Penyebaran virus Ebola dalam skala global masih terbatas, berkaitan dengan transmisinya
melalui kontak langsung dan tidak melalui udara. Gejalanya antara lain demam, nyeri
kepala, sakit sendi dan otot, sakit tenggorokan, dan tubuh lemah. Gejala ini diikuti
dengan diare, sakit perut, dan muntah-muntah; ditemukan ruam, mata memerah, tersedak,
serta perdarahan luar dan dalam. Deteksi virus Ebola dapat dilakukan dengan uji antigen-
capture enzyme- linked immunosorbent assay (ELISA), IgM ELISA, polymerase chain
reaction (PCR), isolasi virus, antibodi IgM-IgG, imunohistokimia.

Sampai saat ini belum ditemukan pengobatan spesifik dan vaksin yang efektif
untuk mencegah infeksi virus Ebola.

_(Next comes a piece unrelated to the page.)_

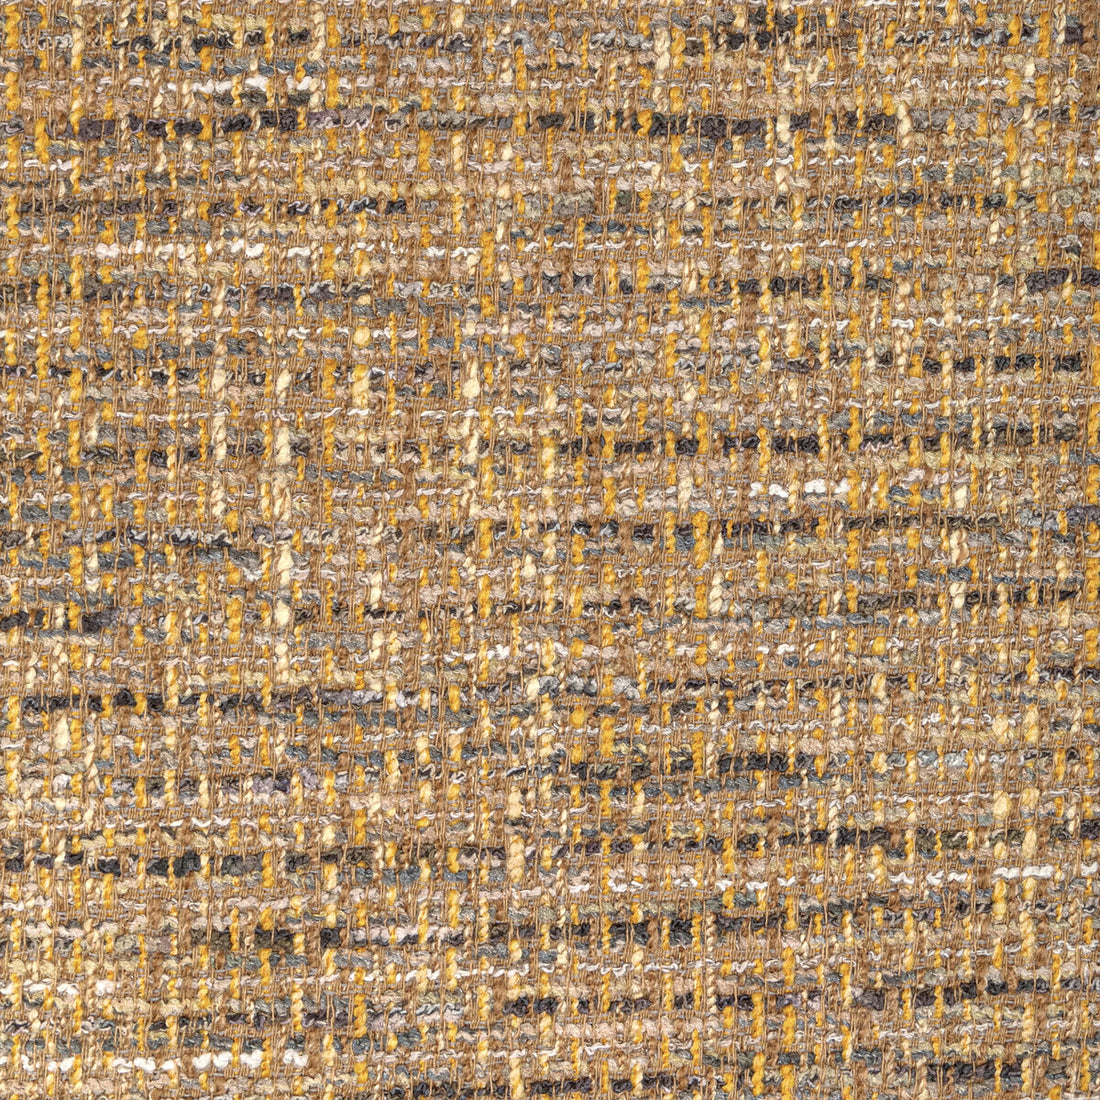 Salvadore fabric in amber color - pattern 36749.4.0 - by Kravet Contract in the Refined Textures Performance Crypton collection

Upaya pencegahan dengan menghindari area yang
terkena serangan virus Ebola, tidak melakukan kontak dengan pasien atau mayat yang
terjangkit virus Ebola.
DAFTAR PUSTAKA

1. National Center for Emerging and Zoonotic Infectious Disease. Ebola fact sheet:
Ebola hemorrhagic fever. Center for Disease Control. 2014
2. World Health Organization. Ebola virus disease outbreak situation report. 2015
3. Kementrian Kesehatan Republik Indonesia. Laporan Perkembangan Ebola di
Indonesia. 2014
4. WHO BDP/EPR. Interim infection control recommendations for care of patients
with suspected or confirmed Filovirus (Ebola, Marburg) hemorrhagic fever.
Geneva; 2008.
5. Ikatan Dokter Anak Indonesia. Buku Ajar Infeksi Dan Penyakit Tropis. Edisi 4.
Jakarta: Badan Penerbit IDAI; 2018.
6. Aditya, Muhammad. Ebola Hemorrhagic Fever: Clinical Management And
Prevention. JuKe Unila 2014; 4(8):245-253
7. Vyas JM. Ebola hemorrhagic fever. National Library of Medicine National
Institutes of Health. 2013
8. Kortepeter MG, Bausch, DG, Bray, M. Basic clinical and laboratory features of
filoviral hemorrhagic fever. J Infect Dis. 2011;204: 810-6
9. Fauci AS, Kasper DL, Longo DL, Braunwald E, Hauser SL, Jameson JL.
Harrison’s internal medicine. McGraw-Hill. 16th ed. USA; 2008; 1174-5.